Plus, the potential good could outweigh the bad. By using a computer model of what happens to the immune system when it's infected with HIV, Arkin and his colleagues have designed a potential AIDS treatment that would remain with the patient as long as he or she has HIV, meaning it would prevent AIDS from arising even in patients who otherwise would have developed the disease after a decade of latency. They also predict HIV would not become resistant to the virus.
 
The treatment is made of a gutted HIV virus. The harmful parts of the virus are removed, and in their place the researchers have inserted a DNA cargo that inhibits HIV's ability to kill immune cells. It latches onto the natural HIV and spreads along with it, even from person to person.
 
If this process sounds familiar, it's because it is essentially gene therapy, albeit a transmissible gene therapy.

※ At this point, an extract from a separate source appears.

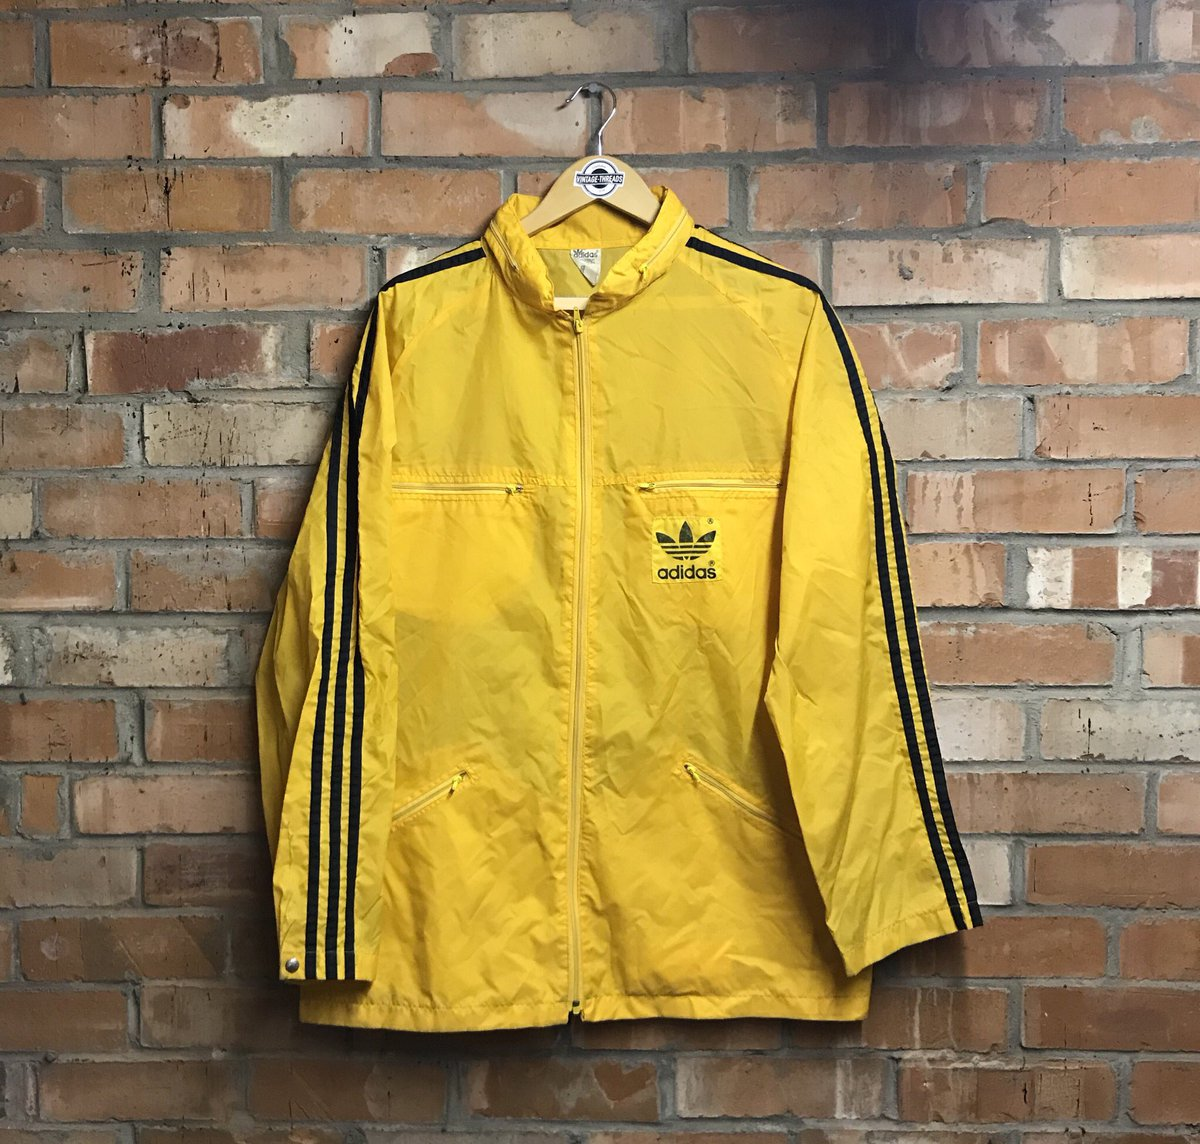 a0d560af4 On DEPOP Now! (Link in bio) #adidas #adidasoriginals #retrostyle #vintage  #raincoat #vintagethreads #vintagestyle #vintageadidas pic.twitter.com/C0E2dIDxYC

But the term "gene therapy" has fallen out of favor because of a handful of fatalities in clinical trials and, after nearly three decades of research, no gene therapy method has been proven to work consistently.
 
So Arkin and Schaffer are instead calling the process "synthetic biology." Despite appearances, it's not an arbitrary term: The researchers are synthesizing biological elements into machines to do their bidding.
 
 
"An artificial virus is one such product, since it is designed and constructed using molecular biology tools for a specific therapeutic application," Schaffer said. "As another example, Jay Keasling in our department engineers bacteria to produce small-molecule pharmaceutical drugs."
 
Lawrence Berkeley National Laboratory, MIT and other institutions have established departments and courses dedicated to this manipulation of human molecules.
 
"All the capabilities are found in nature, just not in the right order to do what we want to do," Arkin said. "It's like changing the computer language. (Cells) perform amazing engineering feats under the control of complex cellular networks. We didn't design it, evolution did."
 
Computer modeling is key to figuring out what bacteria or viruses might do in a given situation. The computer model Arkin and Schaffer used showed that their therapy won't likely eliminate all HIV cells in a patient. But if the treatment inhibits HIV too much, the good virus won't be able to propogate.
 
"Maximal inhibition actually causes the therapy to extinguish itself," Schaffer said in an e-mail.
 
Without the computer model to guide them, the researchers may not have detected such subtleties. However, other labs like Virxsys (researchers there published work that gave Arkin et al. a foundation for their own work) are further along in developing a similar therapy (although the Berkeley researchers' method is unique in its piggyback effect) without the benefit of a computer model. Scientists there are already testing their treatment for safety in humans, and hope to test for efficacy by the end of this year, said Boro Dropulic, the company's founder and chief scientific officer.
 
Arkin and Schaffer's computer model will also help them foresee potential problems, which are plentiful when trying to treat a deadly disease with a manufactured virus. This is a virus that can be spread by having sex, just like HIV (although if it works, that could be a good thing). It's also possible that HIV and the therapeutic virus could mutate around each other and recombine to make an altogether new virus.
 
"I can't say now it won't make it worse," Arkin said.